Ошибки всех, изучавших русскую ментальность и русский характер, в том, что они исследовали предмет научно, т. е. на понятийном уровне, который и требует усреднения положительных данных, явленных в рефлексии как факты («факты — воздух ученого»). Между тем «среднее» как раз и несвойственно ни русской ментальности, ни русскому характеру («нраву»: нравится или не нравится). Особенности их создаются на контрастах (Или Бог, или червь!), потому что опираются не на рассудочно однозначное понятие, а на душевный образ или на духовный символ. Сбой, возникающий между объектом исследования и методом, с помощью которого объект изучается, искажает реальные признаки и принципы русской ментальности. Они строятся на других основаниях и пренебрегают аристотелевскими классификациями, столь почитаемыми на Западе (неотомизм).

Например, согласно таким классификациям, добродетель есть золотая середина между двумя крайностями. Например, щедрость — между скупостью и расточительностью, а теплое — между обжигающе-горячим и холодным. В русской ментальности сложилось иное представление об идеальном, согласно ему род есть одновременно и вид, путем удвоения такой ряд организующий. Поэтому щедрость есть расточительность, противопоставленная скупости, а теплое есть (про)хладное в противопоставлении к горячему. Синекдоха направляет нашу мысль, логика чувств и ощущений подчиняется принципам язычески эквиполентного (равно-ценного) противопоставления:

горячий : (теплый — холодный)

скупой : (щедрый — расточительный)

Подобных особенностей в русской ментальности много, и все они, если и не содержатся в основном значении слов, то обязательно расшифрованы в классических текстах.

Ментальные совпадения

Читая отечественных философов, русский человек ловит мысли: всё это я уже знаю, а потому и безусловно согласен с большинством излагаемых ими идеи. «Своим ничего не нужно доказывать», — замечал по этому поводу Бердяев, но вместе с тем «нельзя ничего понять не ,,мое“», — добавлял Розанов. Эту мысль постоянно варьируют русские писатели, оправдывая свою манеру изложения, афористически сжатую и поэтически емкую. Они как бы намекают на хорошо известную истину, скрытую в смысловом зерне (этимоне) русского слова и доступную каждому русскому. «Если нужно что-то доказывать, доказывать ничего не надо» — эти слова Дмитрия Мережковского как нельзя лучше выражают феноменологию русского сознания. Ничего не нужно доказывать логически, потому что логические операции ума раздробляют цельное тело истины и создают иллюзию знания, подавляя естественный порыв человека к познанию нового.

Общие со всеми европейскими языками особенности языка русского являются скорее ментальными, чем собственно лингвистическими. Это проявление общности культуры, культуры «средиземноморского типа», как говорил Потебня, которая восходит к античным временам и обогащена христианскими ценностями.
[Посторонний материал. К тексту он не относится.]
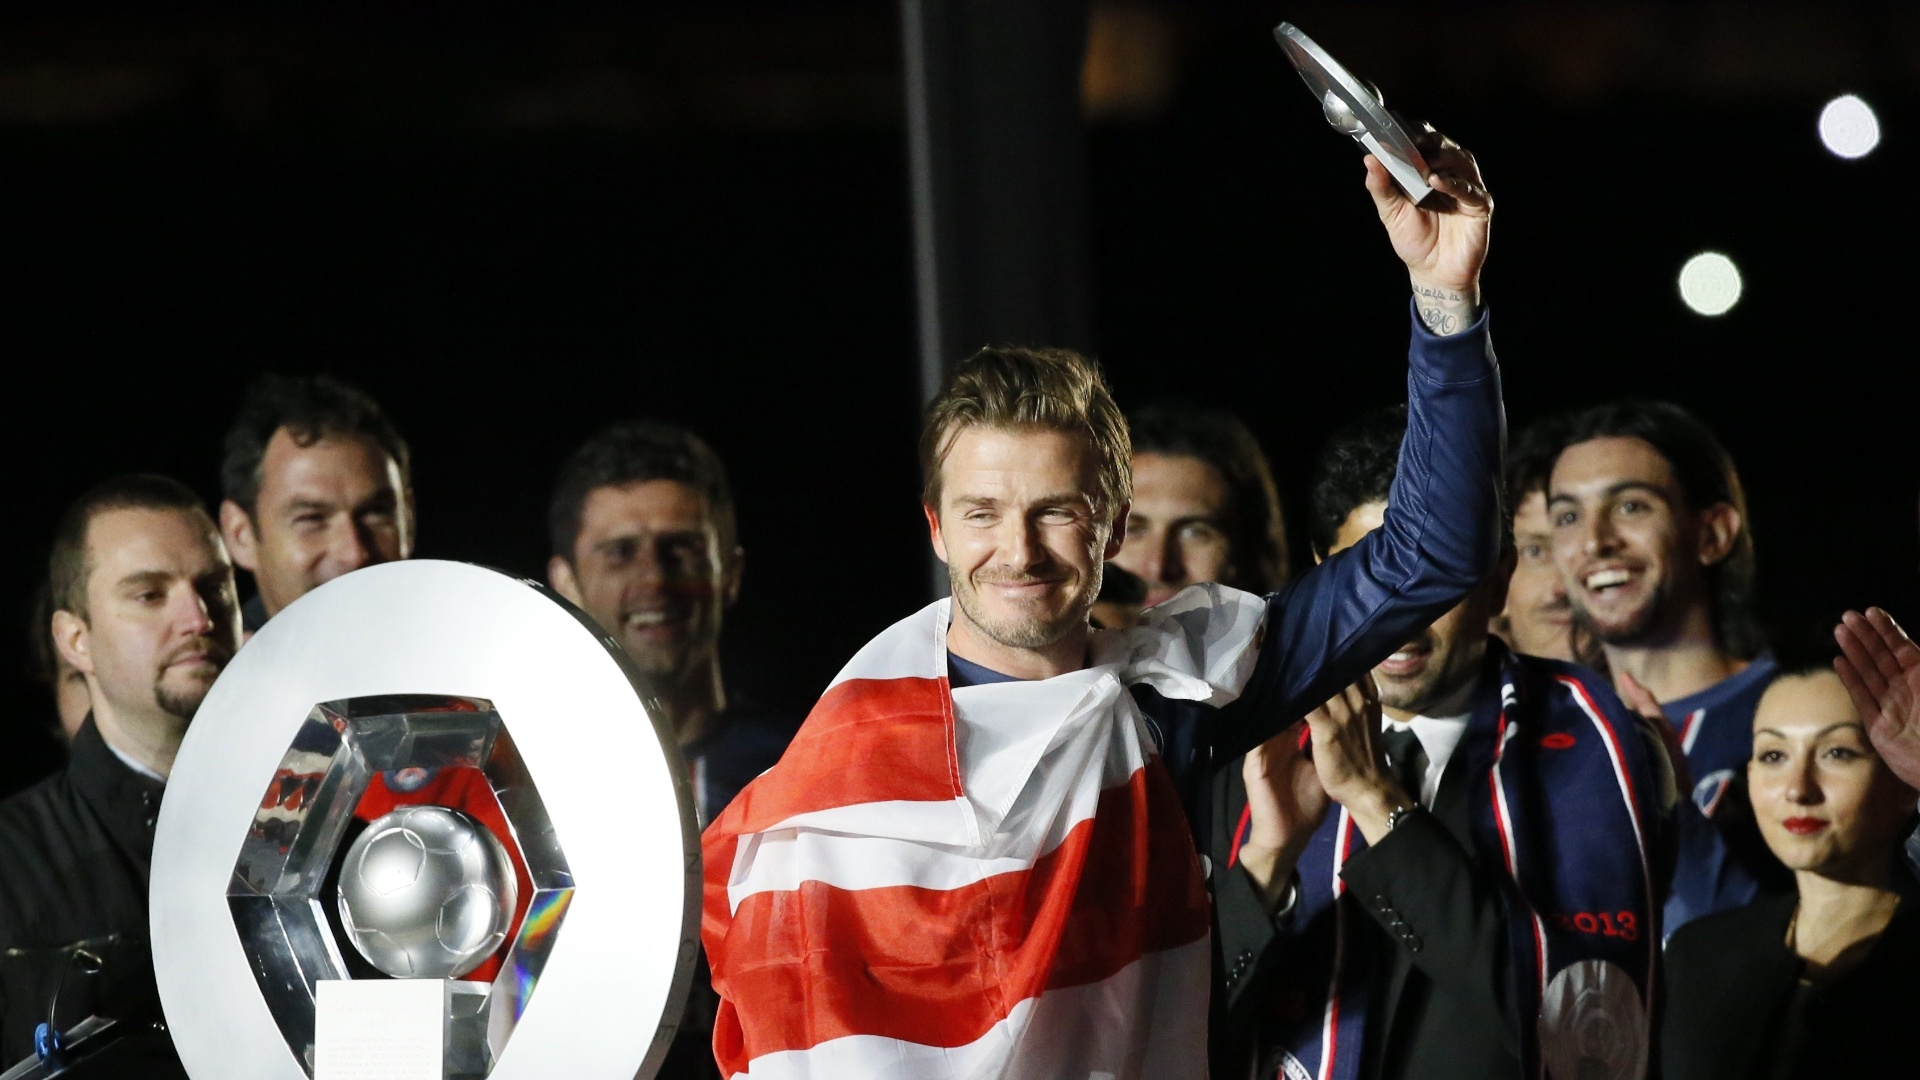 18.mai.2013 - David Beckham, do Paris Saint-Germain, agradece aos aplausos dos torcedores durante a festa do título do PSG

Вот первое общее. Гений Аристотеля подарил Европе ту великую идею, что мысль и язык взаимозависимы, что идея не может существовать без воплощения в слове, что логическое и языковое представляют собою две стороны одного листа, на котором и записаны знаки культуры. Разорвать их никак нельзя, но их разрезали надвое разделившиеся христианские конфессии. Из формулы

ratio = мысль > ментальность

logos = язык > духовность

католичество извлекло первый член, а православие — второй. Это обусловило и особенности средневековых европейских литератур, и отношение к ним разных слоев общества.

Разумеется, на практическом уровне существования это разбиение не приводило к тому упрощенному состоянию, которое часто приписывают сегодня русским: будто в отличие от логически строгой мысли и прагматической рассудочности западного человека мы обретаемся только на уровне образов и впечатлений и неспособны к разумному решению проблем. Рассудительность и практическая тонкость мысли русского мужика поражает иностранца с XV в., с этим всё в порядке. Речь идет о предпочтениях. Для русского сознания духовно идеальное, возвышающее над бытом важней и значительней приземлено-человеческого рационализма. Дух направляет мысль, а не наоборот.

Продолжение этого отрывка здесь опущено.